The story of Barnabas’s family shows what can happen when individuals take themselves out of the game of customs and unspoken precepts. The punishment is archaic and ferocious; it strikes not only the ones who have acted, but all their relatives as well. The Castle doesn’t require specific acts of devotion. But it presupposes unquestioning assent to its order. And it avenges itself like nature when one of its equations is questioned.
In addition to her gaze, Amalia has another peculiarity, which K. observes immediately — and it alarms him: she is so “imperious that not only did she appropriate everything said in her presence, but it was all spontaneously conceded to her.” It’s as if Amalia knows how to take possession of other people’s words and turn them inside out until she reaches an ulterior meaning, the only one that matters. Whoever spoke the words meant them in just that way but doesn’t dare admit it, even to himself. Thus to converse with Amalia implies offering up one’s own hidden thoughts.
In her brief exchanges with K., this happens twice. First, K. says to her, giving his words their most common meaning: “Perhaps you are not initiated into Barnabas’s affairs, in which case all’s well and I’ll drop the matter, but perhaps you are initiated — and this, rather, is my impression — and in that case it’s an ugly business, because it would mean your brother is deceiving me.” K. seems to focus only on his captious and insinuating distinctions. But for Amalia, it’s as if K. has said one word only: “initiated.” She responds: “Calm down, I’m not initiated, nothing could induce me to allow myself to be initiated, nothing, not even my regard for you, though I would do many things for you, since we are, as you said, good-natured.” With these words, Amalia allows K. to glimpse her secret: she doesn’t want to be initiated, at any cost. She’s the only person in the village who doesn’t want to know what even K. longs to know. One might think that’s because she already knows it — and refuses to accept it. There’s something stony in her, something impervious to the emanations of the Castle, to its power to ensnare. Perhaps Amalia is mistaken in what she thinks she knows, and yet she’s the only person, among all those K. encounters, who is capable of remaining “face to face with the truth.” There’s no doubt that she clearly understands the causes of the horrible events that, because of her, have befallen her family. And it’s easy to imagine her standing “quietly in the background, observing the devastation.”

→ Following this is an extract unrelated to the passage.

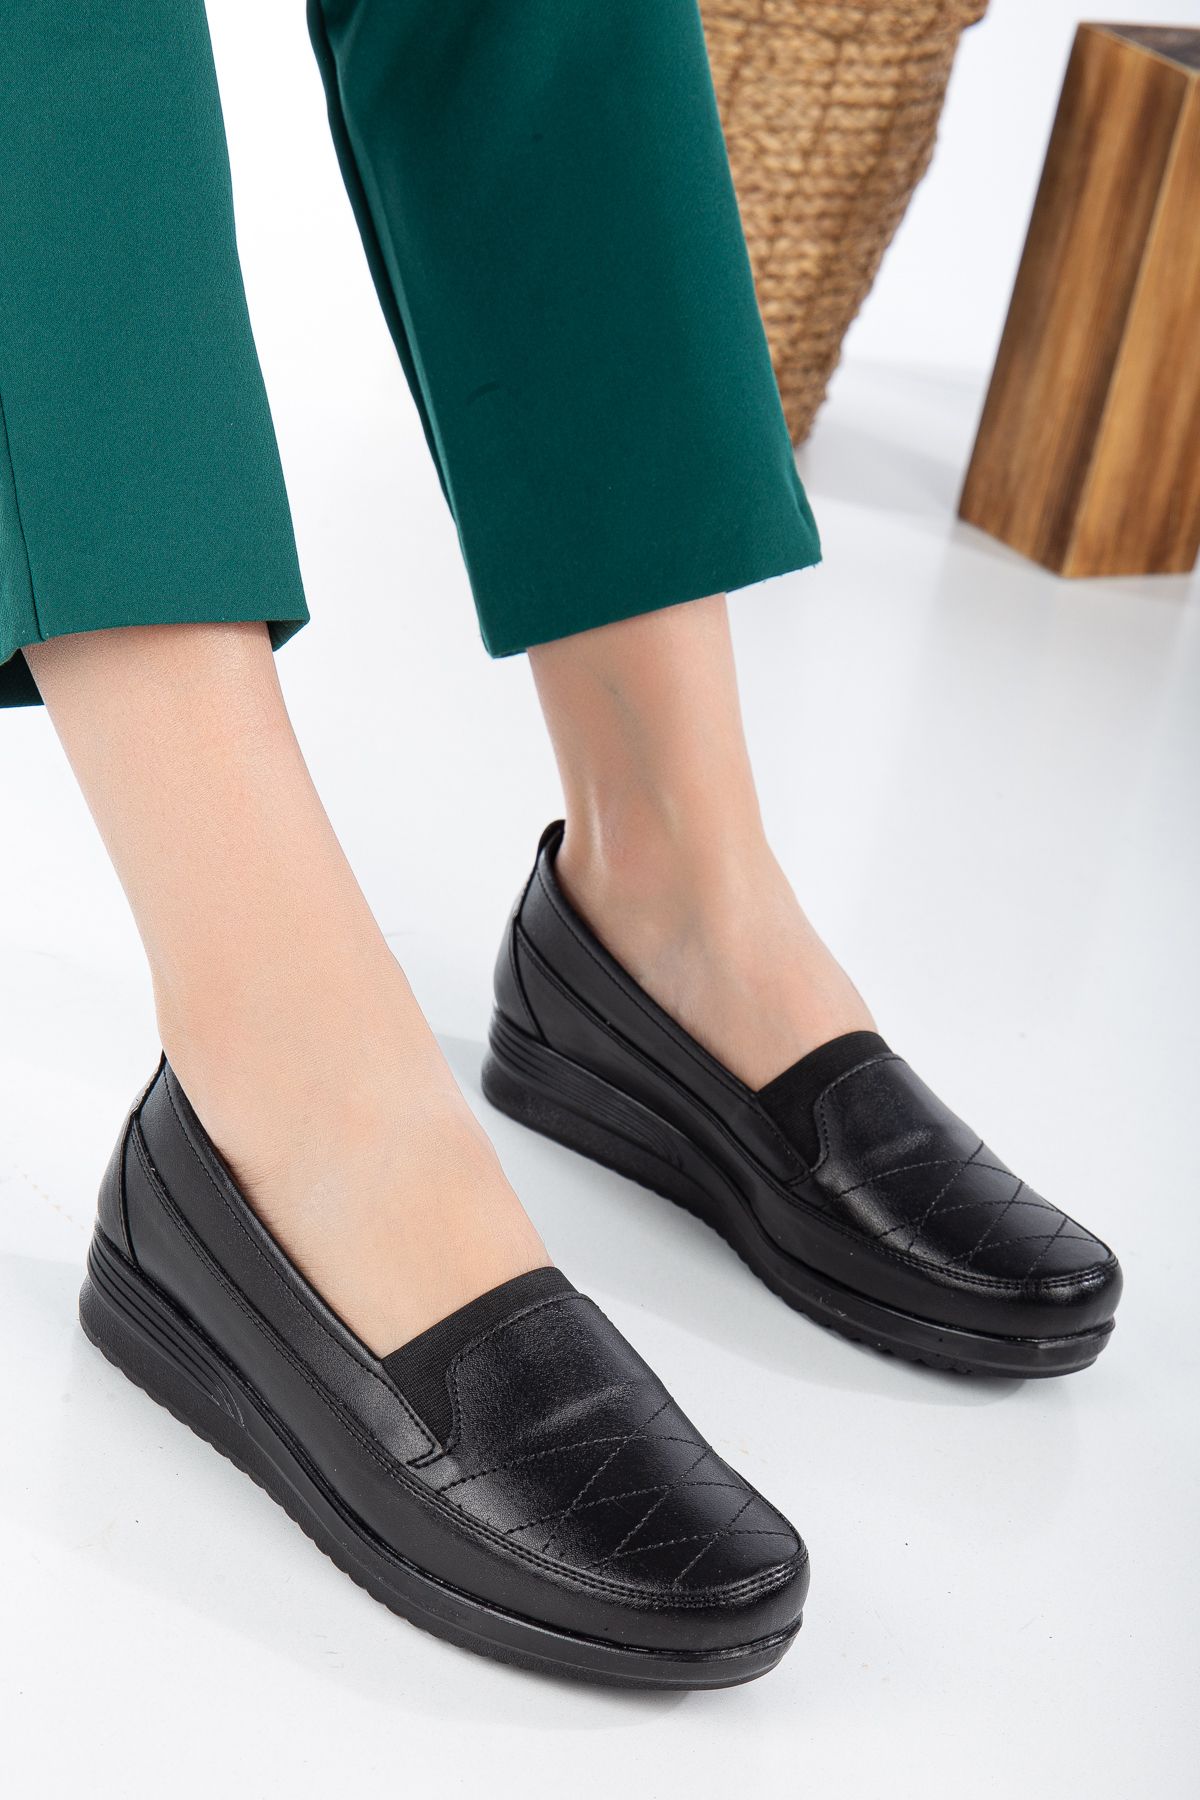 NAKKA Nk03 Siyah Günlük Anne Ortopedik Ayakkabı Kadın Babet Ayakkabı Klasik Ayakkabı Deri Ayakkabı

The second instance is less obvious. K. begins: “‘You are’—K. was searching for the right word, didn’t immediately find it, and made do with a vaguer one—‘perhaps the most good-natured ( gutmütig ) people I’ve met so far in the village.’” In his clumsy attempt to maintain distances, K. chooses the most inappropriate word. Especially as regards Amalia. As Olga informs him a few moments later, “Amalia was many things, but ‘good-natured’ wasn’t one of them.” Amalia herself is very careful not to say this. Instead she immediately subjects K.’s word to her process of appropriation, pretending to accept it (“since we are, as you said, good-natured”). Here we are witnessing a superior and severe marivaudage . First of all, Amalia uses the inappropriate word, which K. has chosen, as a pretext for telling him that she will do “many things” for him. For someone like Amalia, who doesn’t waste words, this is like a fiery confession of love. At the same time, with her perennial irony, Amalia makes it clear to K. that his discordant “good-natured” ought to be replaced by another adjective. Perhaps good , a term not apparently in common use in the village.
The verbal exchanges between Amalia and K. are scanty; they get straight to the bottom of things — and then stop there. Olga, on the other hand, speaks continuously. At times one gets the feeling she could go on forever. But Amalia suddenly enters and interrupts her: “Telling Castle stories? Still sitting here together? And you, K., who wanted to take your leave at once — and now it’s nearly ten. So these stories worry you, do they? There are people here who feed on such stories, they sit around together, like you two, and take turns tormenting each other, but you don’t strike me as one of those people.” Amalia’s every word is charged with meaning, but — as Olga will explain later—“it’s not easy to understand exactly what she means, since often you can’t tell if she’s speaking ironically or seriously, mostly she’s serious, but sounds ironic.” That’s the case here with K.: irony is attending her last, profoundly serious, almost desperate attempt to wrest K. away from what Amalia calls “the Castle’s influence.” But K. doesn’t follow her, and instead goes on the offensive with hard words directed at Amalia herself: “I am indeed one of those people, whereas those who don’t concern themselves with these stories, leaving them for others to worry about, do not greatly impress me.” Words spoken to wound, and well aimed. But Amalia is quick on her feet and replies with a fable in which, if only he wanted to, K. might recognize his own story, held up to the light and sketched with cruel, wise, sarcastic strokes. Amalia says: “I once heard of a young man who devoted his days and nights to contemplating the Castle, neglecting everything else. People feared he might lose his mind because he always kept it up at the Castle, but in the end it turned out that he hadn’t really been eyeing the Castle at all, just the daughter of a woman who washed floors in the offices. When he managed to get her, everything went back to normal.” Those words are coded. Only K. can know how close they are to the mark — and how full of scorn.
The last completed scene from the incomplete Castle features K. and the landlady of the Gentlemen’s Inn in the office next to the barroom. The landlady is annoyed by K.s impertinence — a few hours earlier he dared to comment on her clothes. She reminds him of that, and he pretends not to remember. But his remark was undeniably cheeky: “I’m not looking at you, I’m looking at your dress.” Their conversation becomes heated, with K. on the defensive and the landlady on the attack. But what do the landlady’s dresses have to do with the complex, ramifying adventure of a land surveyor who has now been reduced to the rank of janitor? We don’t know and we aren’t told. But we hear in this conversation, as in other episodes, the flutter of something that might be vitally important — and that continues to elude us. The reader’s uncertainty here is shared by K., who is sure of only one thing, which he dares to assert: “You’re not merely a landlady, as you claim.” And a little later he affirms again: “You’re not merely a landlady, you have other goals.” But what disguised power might the landlady represent? And why the disguise? And to what heights might that power reach?
But all this would remain pointless and abstract, were it not for the landlady’s dresses. Put on the spot like a child caught in the act, K. defines them thus: “Made of good material, expensive, but outmoded, overdone, often mended, and threadbare.” Furthermore, he tells the landlady, “they’re not suitable for a woman of your age, figure, or position.” Insolent janitor. But, once again, perceptive.